Stored data
====
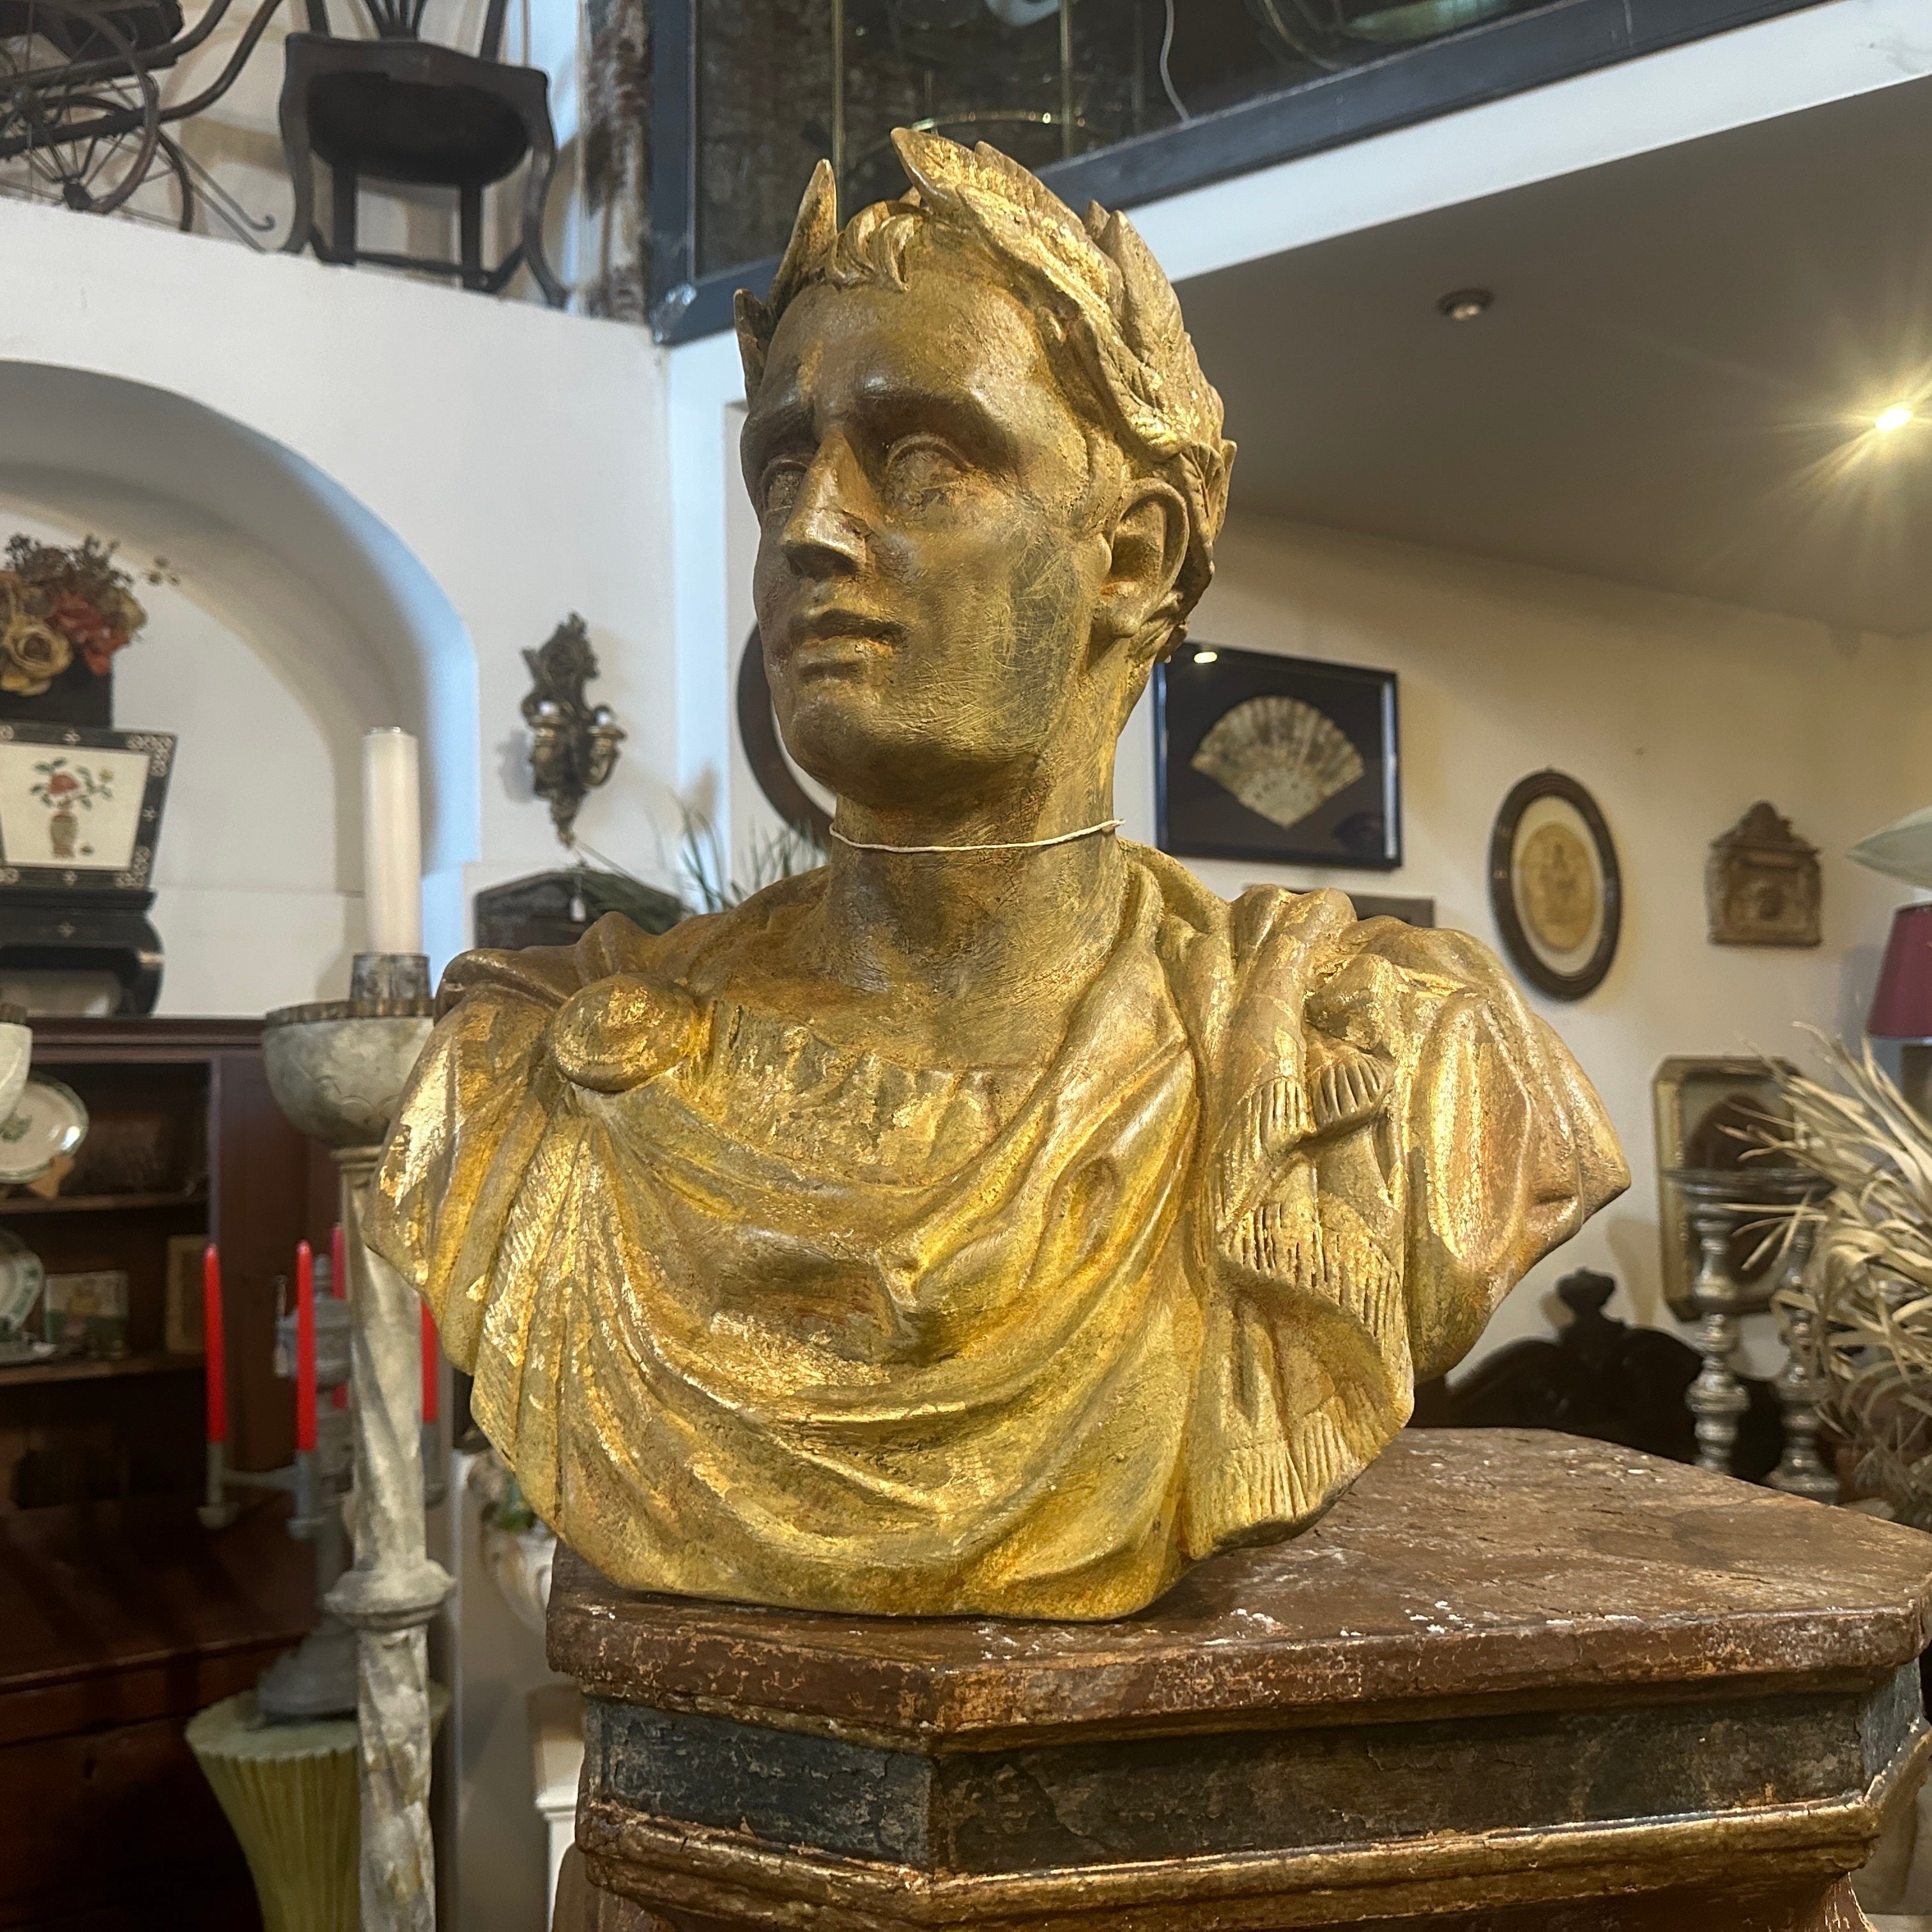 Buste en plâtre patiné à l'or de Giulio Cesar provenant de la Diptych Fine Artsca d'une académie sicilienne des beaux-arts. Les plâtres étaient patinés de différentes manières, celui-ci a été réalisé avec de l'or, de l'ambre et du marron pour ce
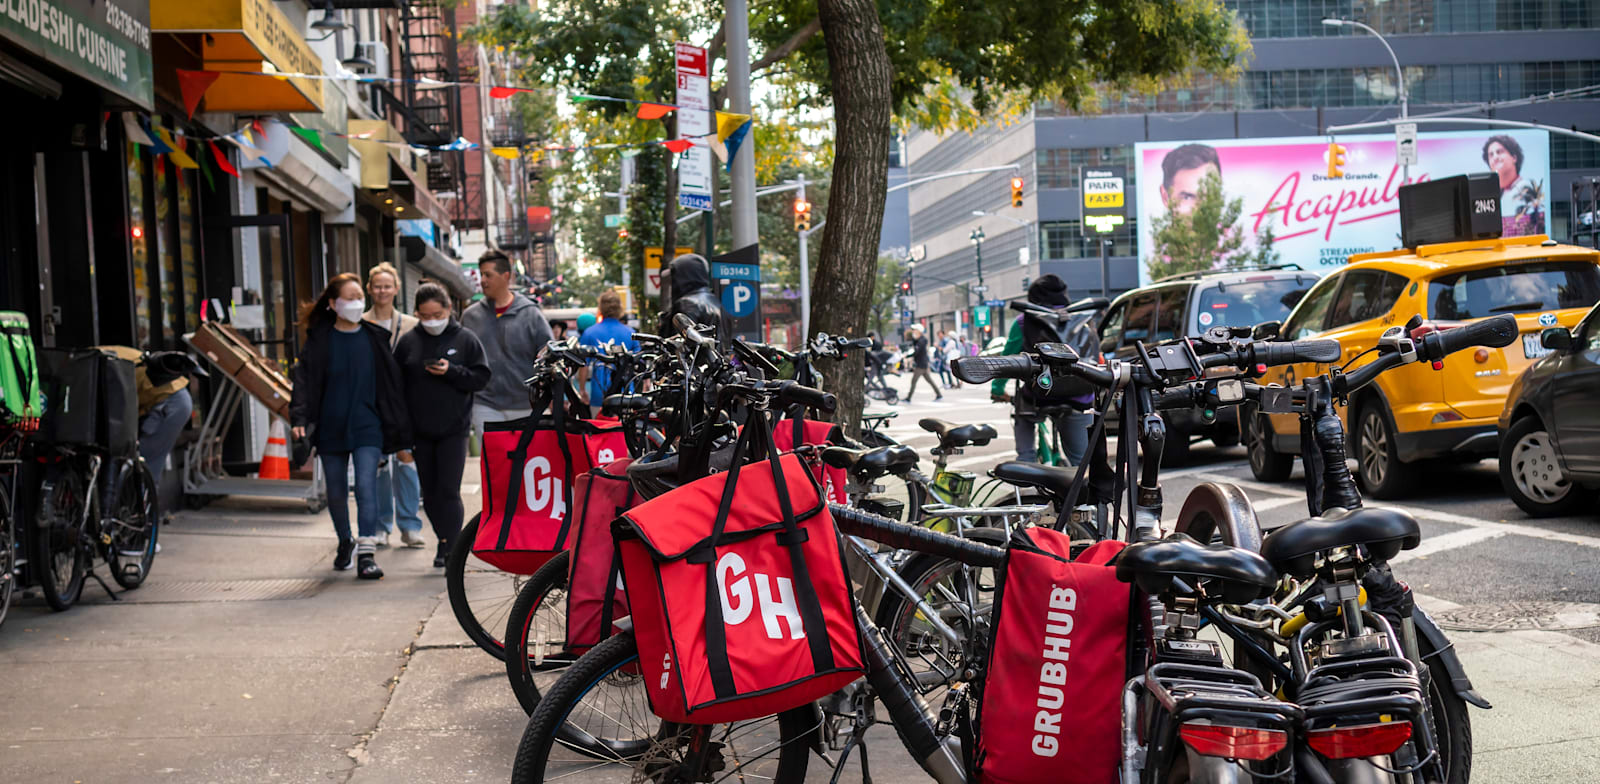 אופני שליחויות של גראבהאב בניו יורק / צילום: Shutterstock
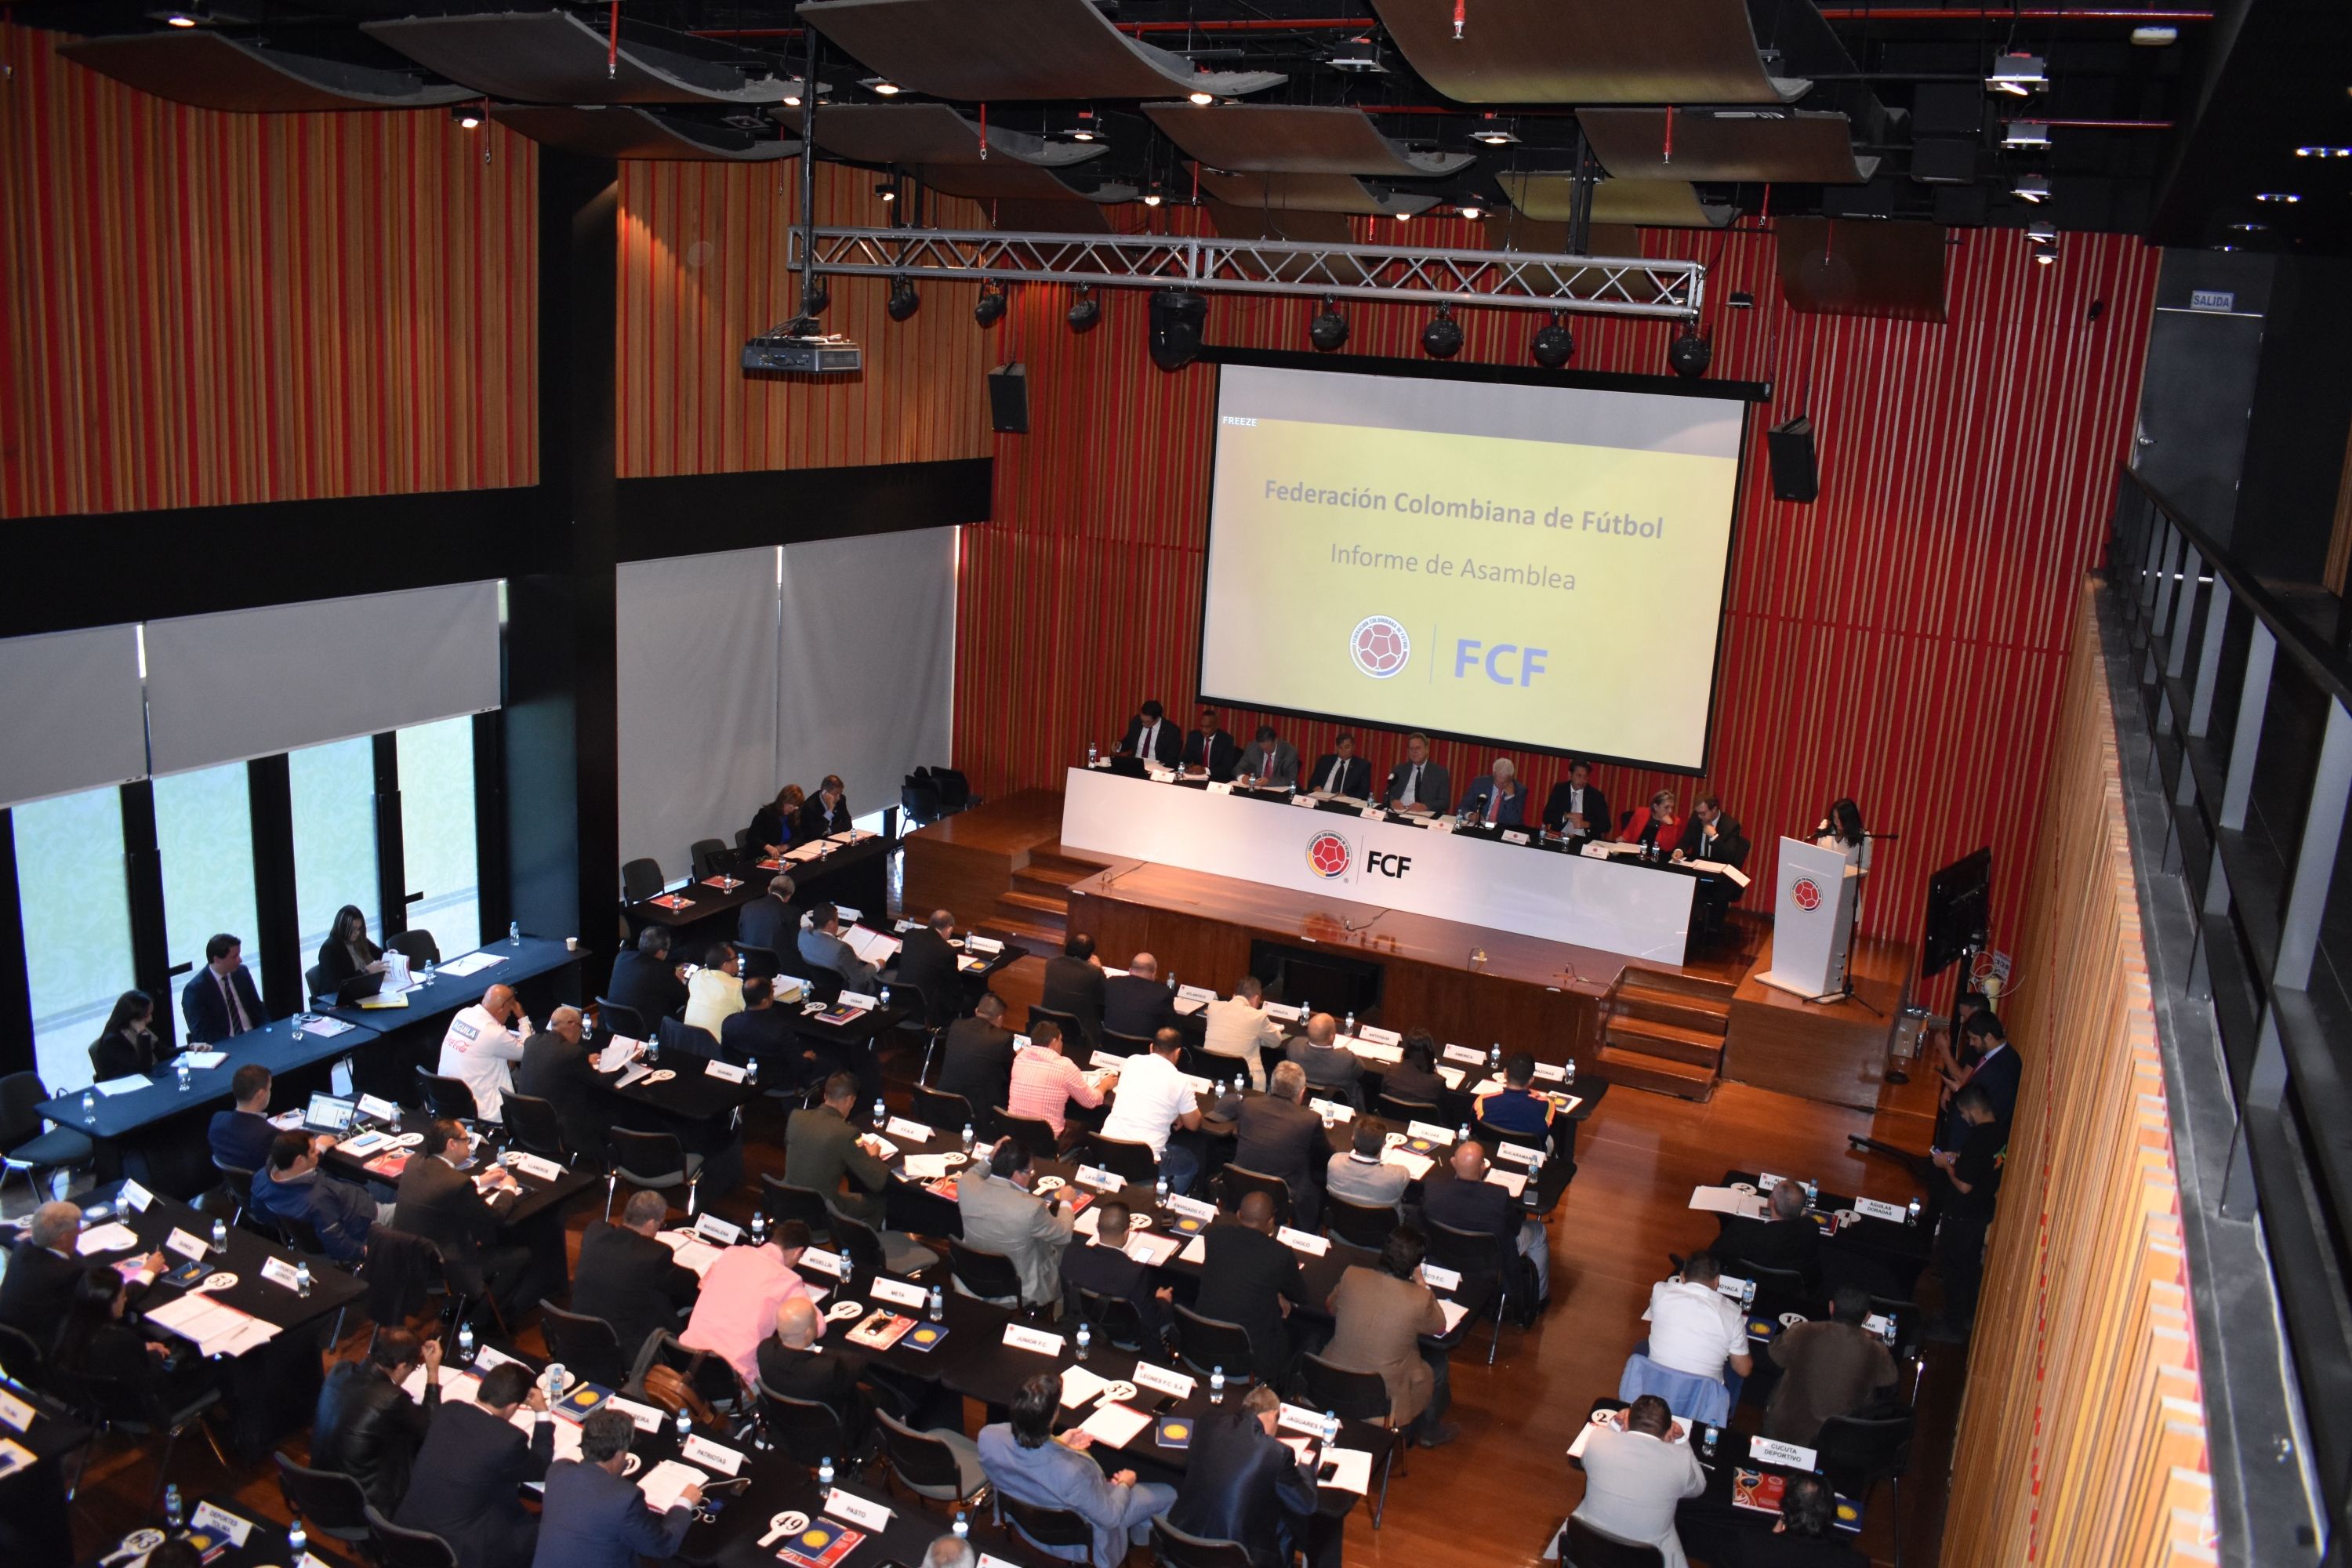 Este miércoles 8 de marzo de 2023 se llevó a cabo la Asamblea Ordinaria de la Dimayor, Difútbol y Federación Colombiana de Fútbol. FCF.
====
The material shown above is to be repeated verbatim, and its pictures are to be omitted.

 Buste en plâtre patiné à l'or de Giulio Cesar provenant de la Diptych Fine Artsca d'une académie sicilienne des beaux-arts. Les plâtres étaient patinés de différentes manières, celui-ci a été réalisé avec de l'or, de l'ambre et du marron pour ce
 אופני שליחויות של גראבהאב בניו יורק / צילום: Shutterstock
 Este miércoles 8 de marzo de 2023 se llevó a cabo la Asamblea Ordinaria de la Dimayor, Difútbol y Federación Colombiana de Fútbol. FCF.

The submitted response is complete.